Extra information about what is happening after the last GCN layer

FilippoMB / Variational-Graph-Auto-encoders-Tensorflow-2-Spektral-

MIT License

14 stars 1 forks source link

Extra information about what is happening after the last GCN layer #1

Open StefanBloemheuvel opened 2 years ago

StefanBloemheuvel commented 2 years ago

Hi,

This looks really interesting! I was reading into the paper from Kipf but there only was a tensorflow v1 implementation so this is perfect for experimentation and understanding.

I do have one question, what is exactly happening in the following lines of code?

out = tf.matmul(z, tf.transpose(z))
A_rec = tf.keras.layers.Activation('sigmoid')(out)
out = tf.reshape(out, [-1])

It seems that first you multiply encoded embedding called 'z' with its transpose. That would collect information from neighbouring nodes? (by looking at this stackoverflow example)
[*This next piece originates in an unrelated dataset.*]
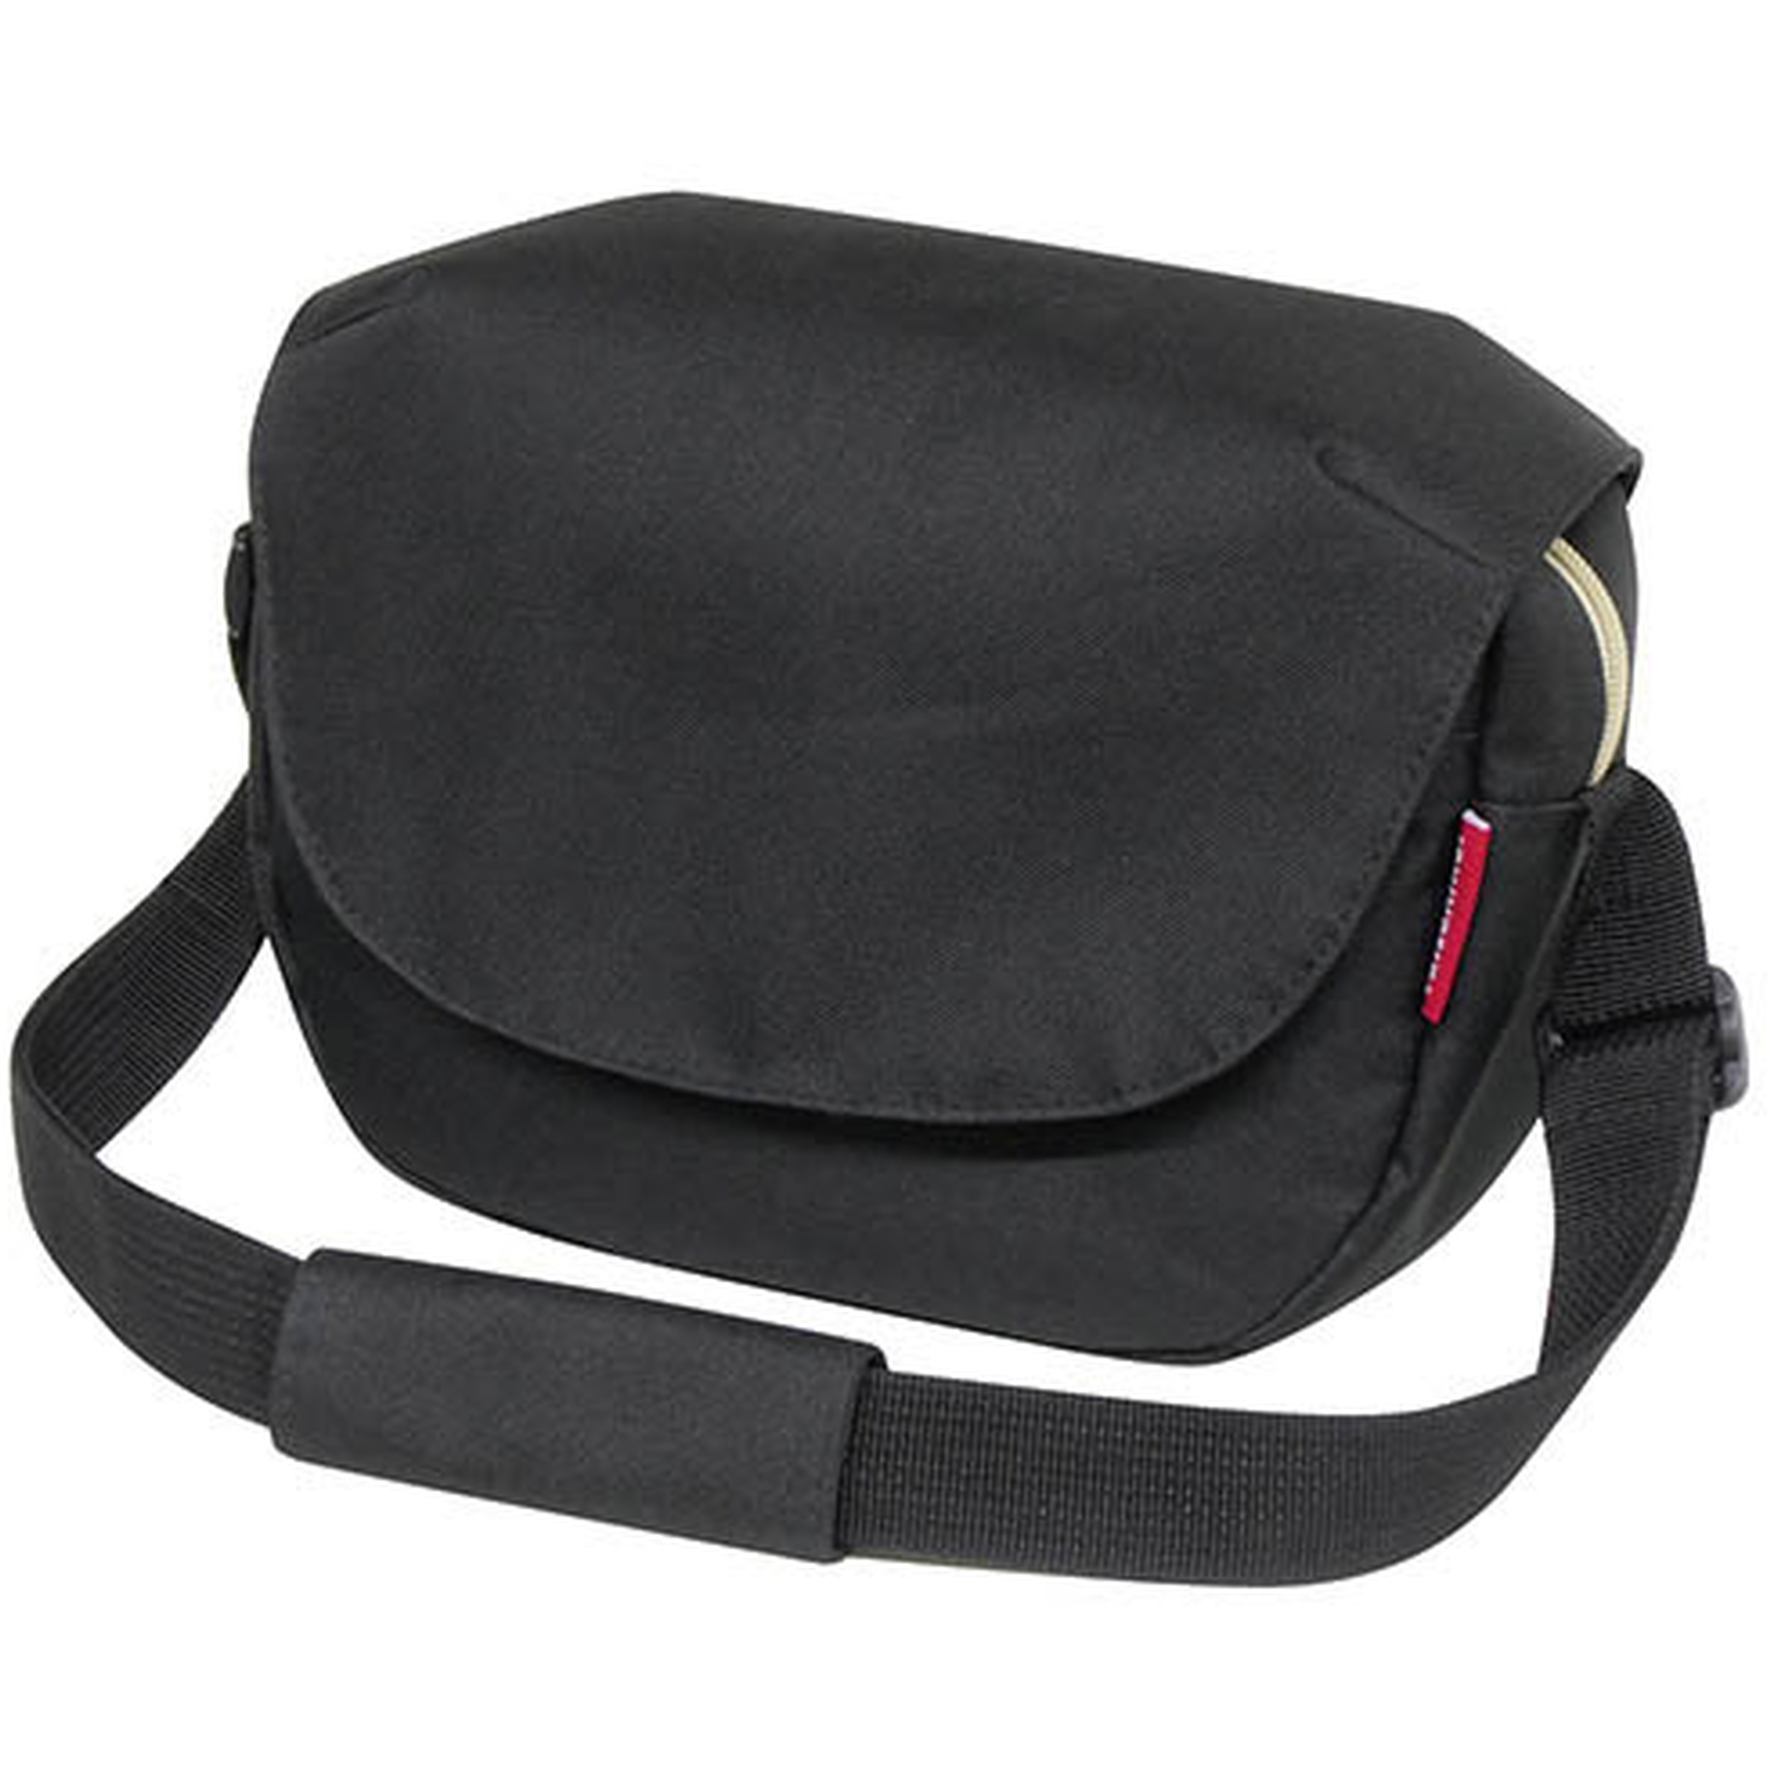 KLICKfix Funbag Handlebar Bag - black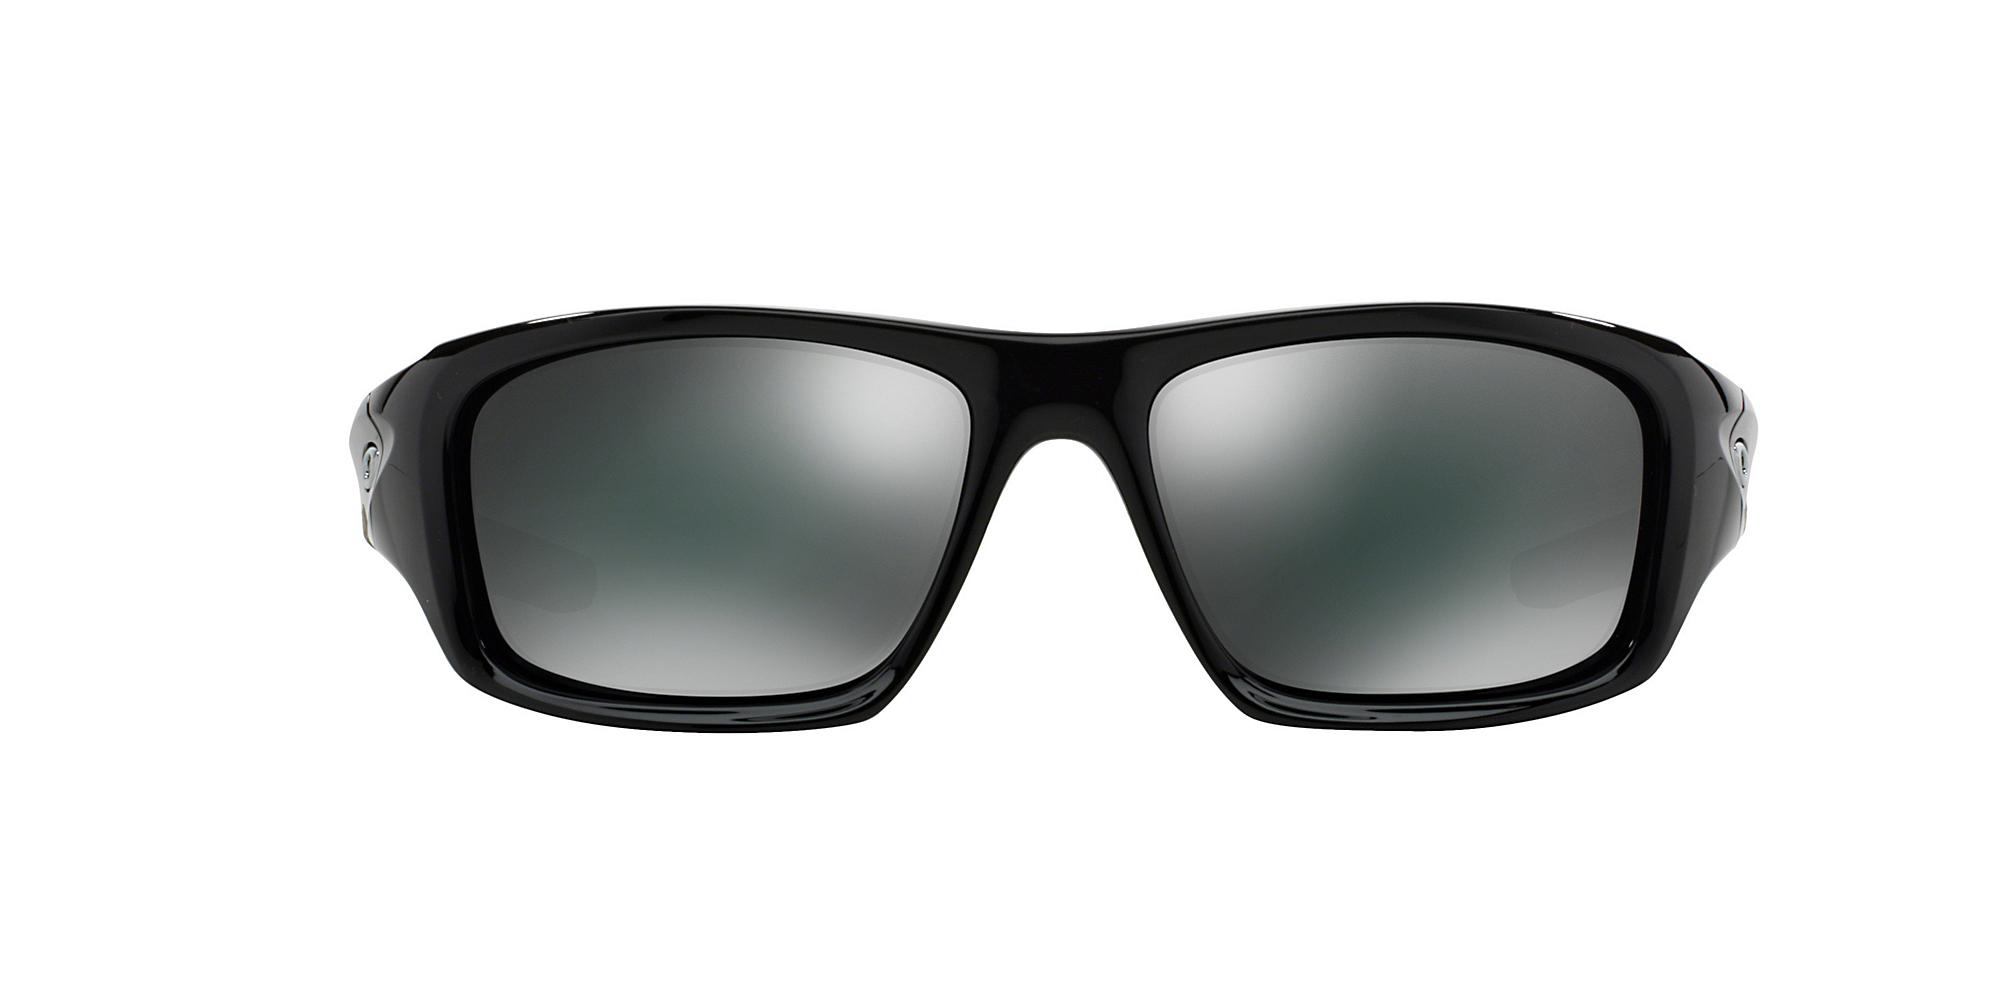 oakley valve sunglasses review b7vy  OAKLEY OO9236 VALVE SUNGLASSES

Also, my interest is using these techniques for further analysis of the embedded features, so I think that I need do something different then:

A_rec = tf.keras.layers.Activation('sigmoid')(out)
out = tf.reshape(out, [-1])

if link prediction is not my goal? For example, clustering, classification, etc of the graph or the nodes.

Kind regards and thanks for this work!

Stefan

FilippoMB commented 2 years ago

Hi Stefan,

Question 1:

The reconstructed adjacency matrix is obtained as sigmoid(z z^T). There's the equation in the paper and it makes sense: there should be an edge e_ij if the node embeddings z_i and z_j are similar, i.e., their inner product <z_i, z_j^T> is large.
Since I want to weight differently the predictions on the 0 and 1 (i.e., absence vs. presence of edges), I use the loss function "tf.nn.weighted_cross_entropy_with_logits"
Such a loss function takes the logits, which in our case are zz^T (note that I need to reshape zz^T from [NxN] to [N^2,1]). That's the reason for the third line: out = tf.reshape(out, [-1])

Question 2: Let's say you want to cluster the nodes. You can do something like this after we trained the GAE model:

# retrieve the node embeddings from the trained model
_, _, node_emb = model([X,A]) 
node_emb = node_emb.numpy()

# Cluster them with k-means
from sklearn.cluster import KMeans
clust_algo = KMeans(n_clusters=7)
clust_algo.fit(node_emb)
cluster_labels = clust_algo.labels_

StefanBloemheuvel commented 2 years ago

Hi @FilippoMB,

Thanks for the very quick reply, I will dive into everything you mentioned, this really cool! I have not seen such usage of the sigmoid function before.

However, this does get me thinking that If I would like to work on the embeddings of the node features, perhaps reconstructing the adjacency matrix is not the best way to go (this also does not work if the edges are not binary but weighted right?), maybe I should rewrite this model to reconstruct the features themselves. My initial guess is that that would improve the quality of the embedding for such a task. I will try to figure a way out to achieve this.

One last question, what is your result when applied to the test set? On my machine around 58-62% depending on the amount of epochs of course.

FilippoMB commented 2 years ago

Hi Stefan,

sorry for the late reply.

There are many ways to obtain node embeddings in an unsupervised manner. Doing link prediction with the VGAE allows you to generate node embeddings that:

are similar if the original node features are similar
are similar to each other if two nodes are connected There are many other approaches for obtaining meaningful node embedding. For example, consider all the methods in this library: https://karateclub.readthedocs.io/en/latest/

I would say that if your edges are weighted rather than binary, the VGAE approach could still work. In particular, if the edge weights are normalized in [0,1] you can still use the sigmoid.

I just run the code on my machine and for the GAE I obtained

AUC: 99.0, AP: 98.3
Test accuracy: 59.9

while with the VGAE I obtained

AUC: 98.9, AP: 97.7
Test accuracy: 57.0

Of course, the results change slightly from run to run.